Aim of the exercise
When the line with "王者荣耀游戏英雄艾琳怎么获得,获取王者荣耀艾琳英雄攻略方法" turns up below, begin repeating exactly, and carry on through the line with "Desert città Terrain"; no pictures go into the copy.

Study material
════════════════════

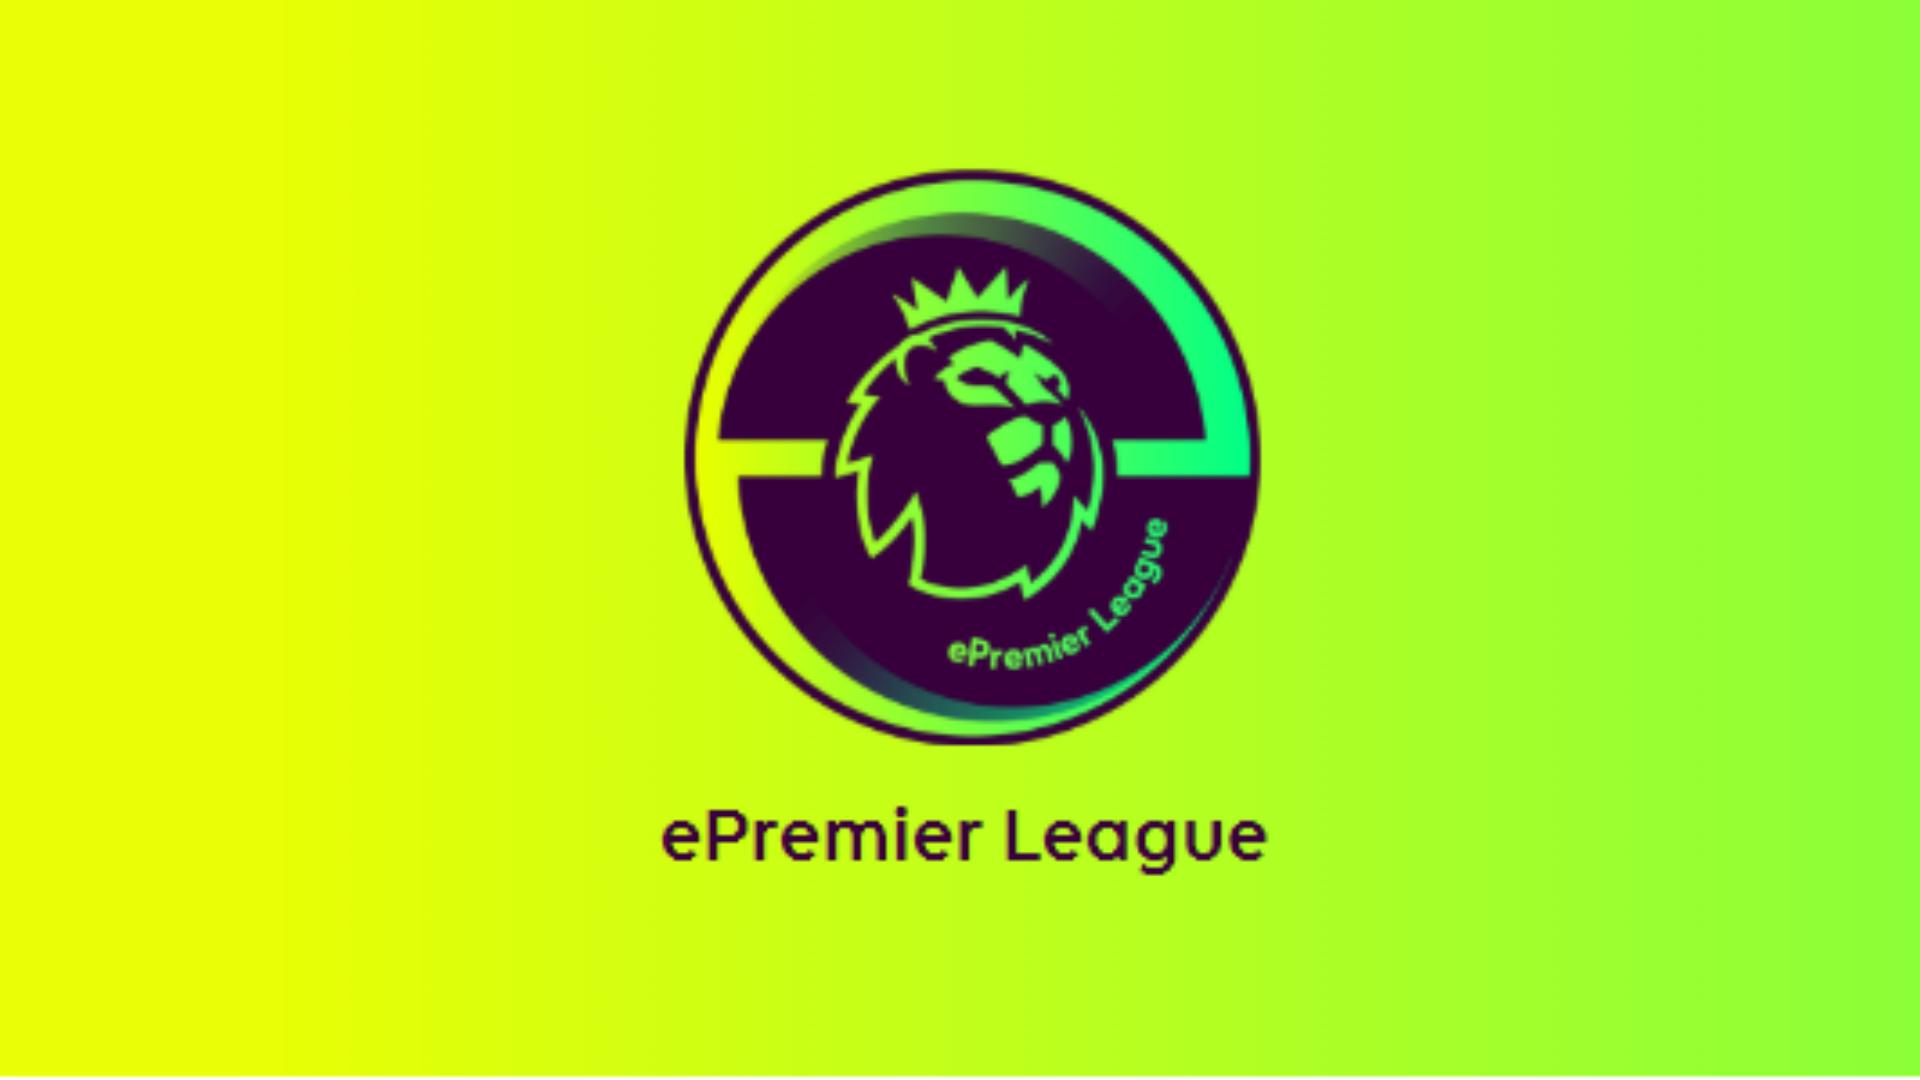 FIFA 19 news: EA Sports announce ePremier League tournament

════════════════════

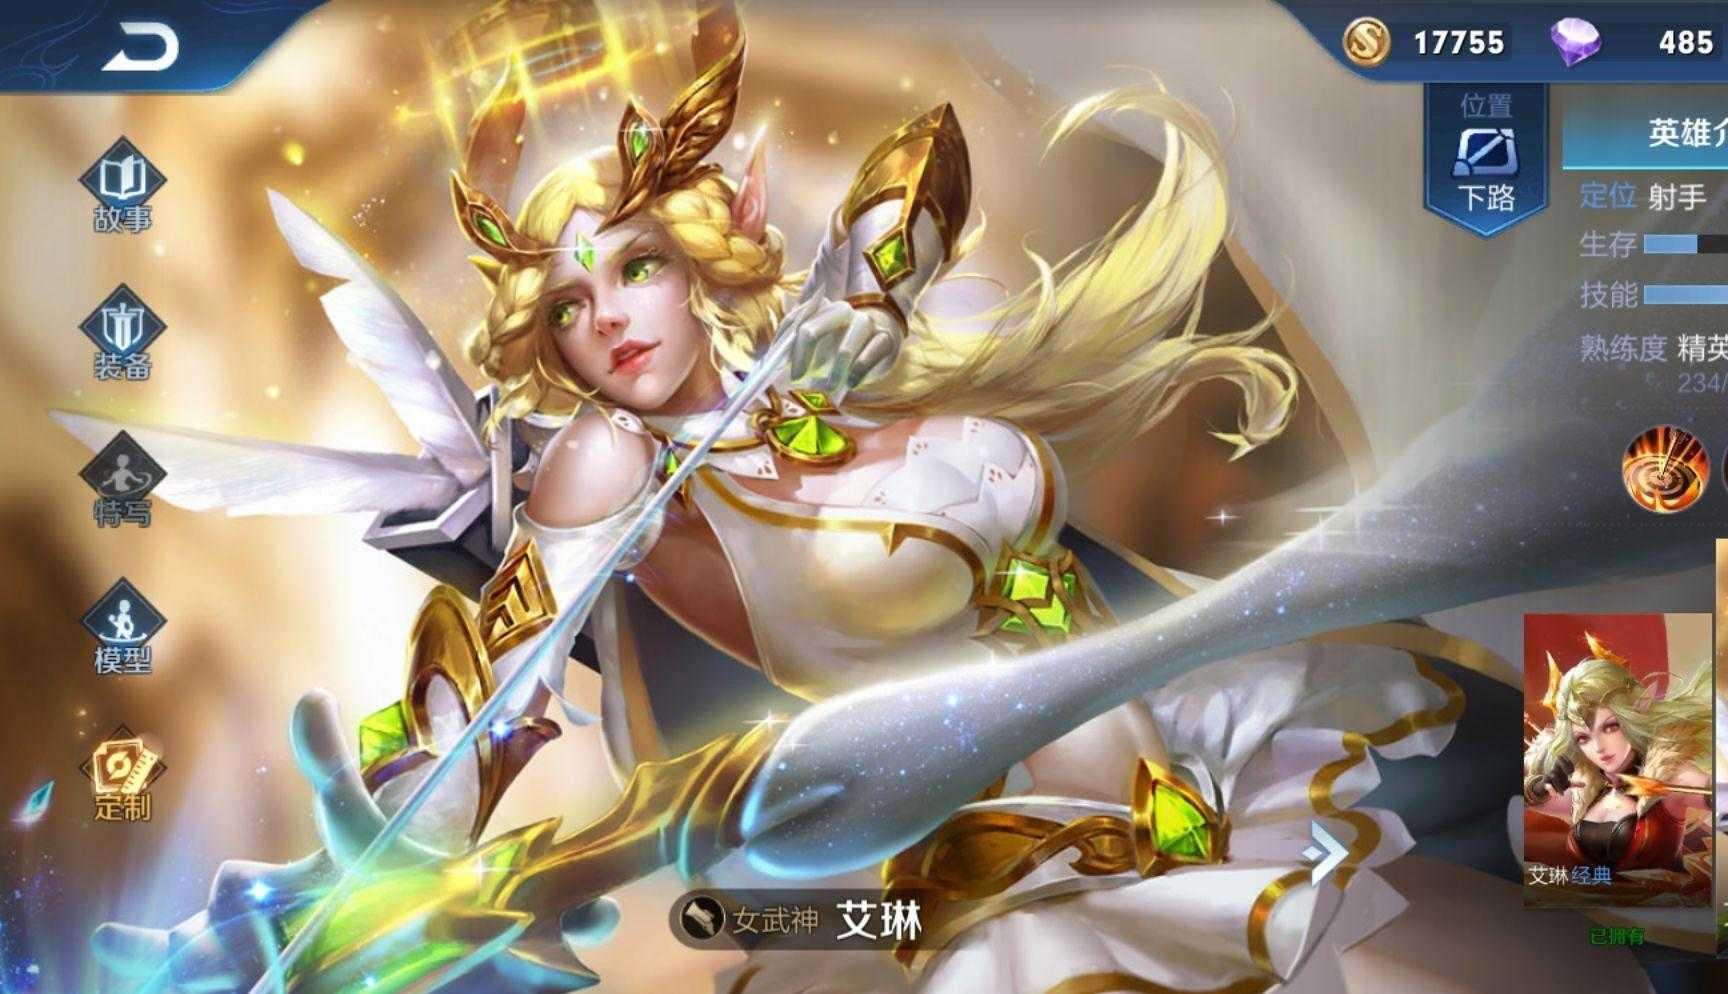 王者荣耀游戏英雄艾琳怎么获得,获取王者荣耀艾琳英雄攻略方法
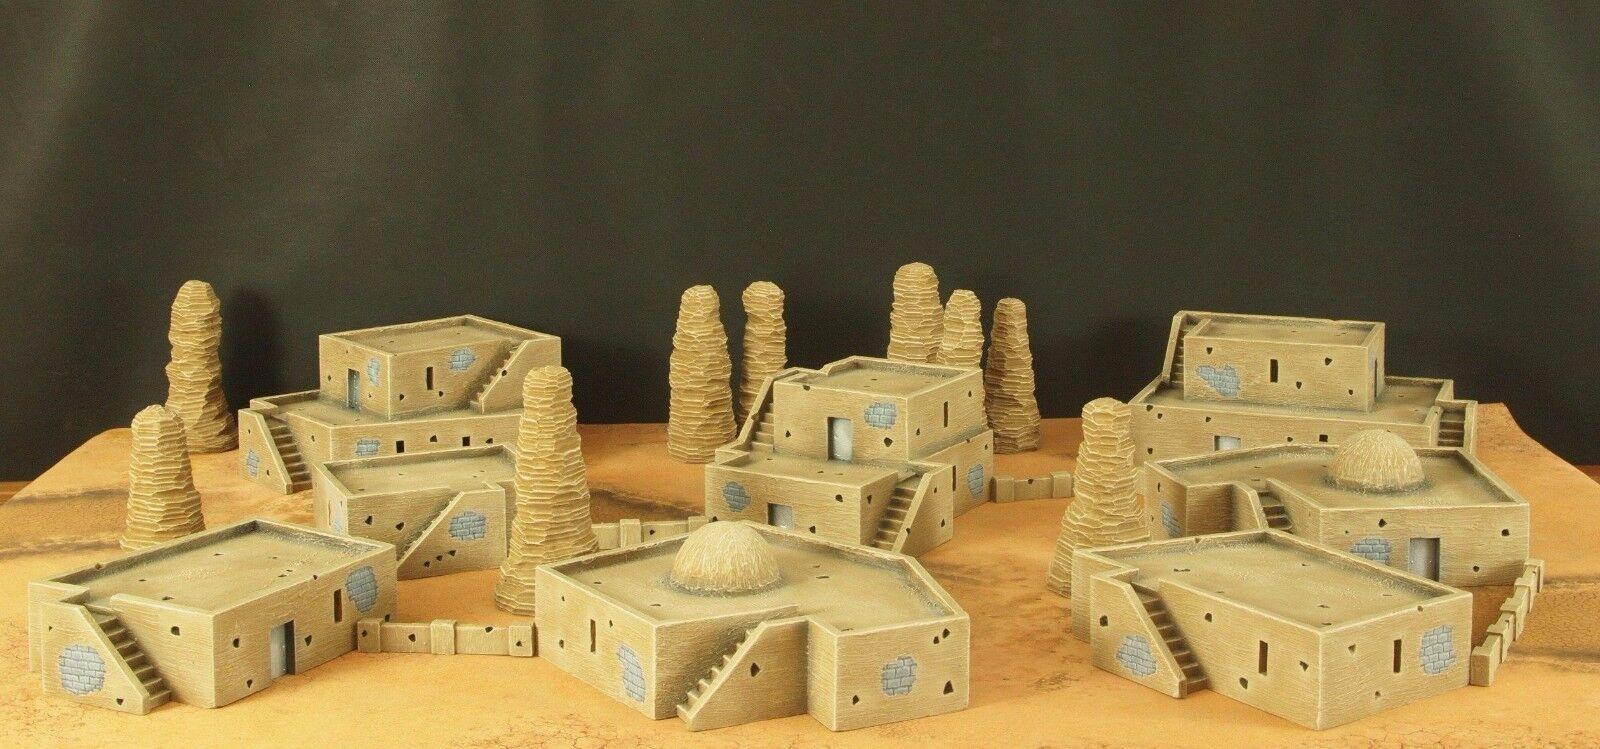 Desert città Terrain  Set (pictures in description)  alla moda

════════════════════

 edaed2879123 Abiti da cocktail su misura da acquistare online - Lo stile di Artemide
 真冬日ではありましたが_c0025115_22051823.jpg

════════════════════

Response for this exercise
 王者荣耀游戏英雄艾琳怎么获得,获取王者荣耀艾琳英雄攻略方法
 Desert città Terrain  Set (pictures in description)  alla moda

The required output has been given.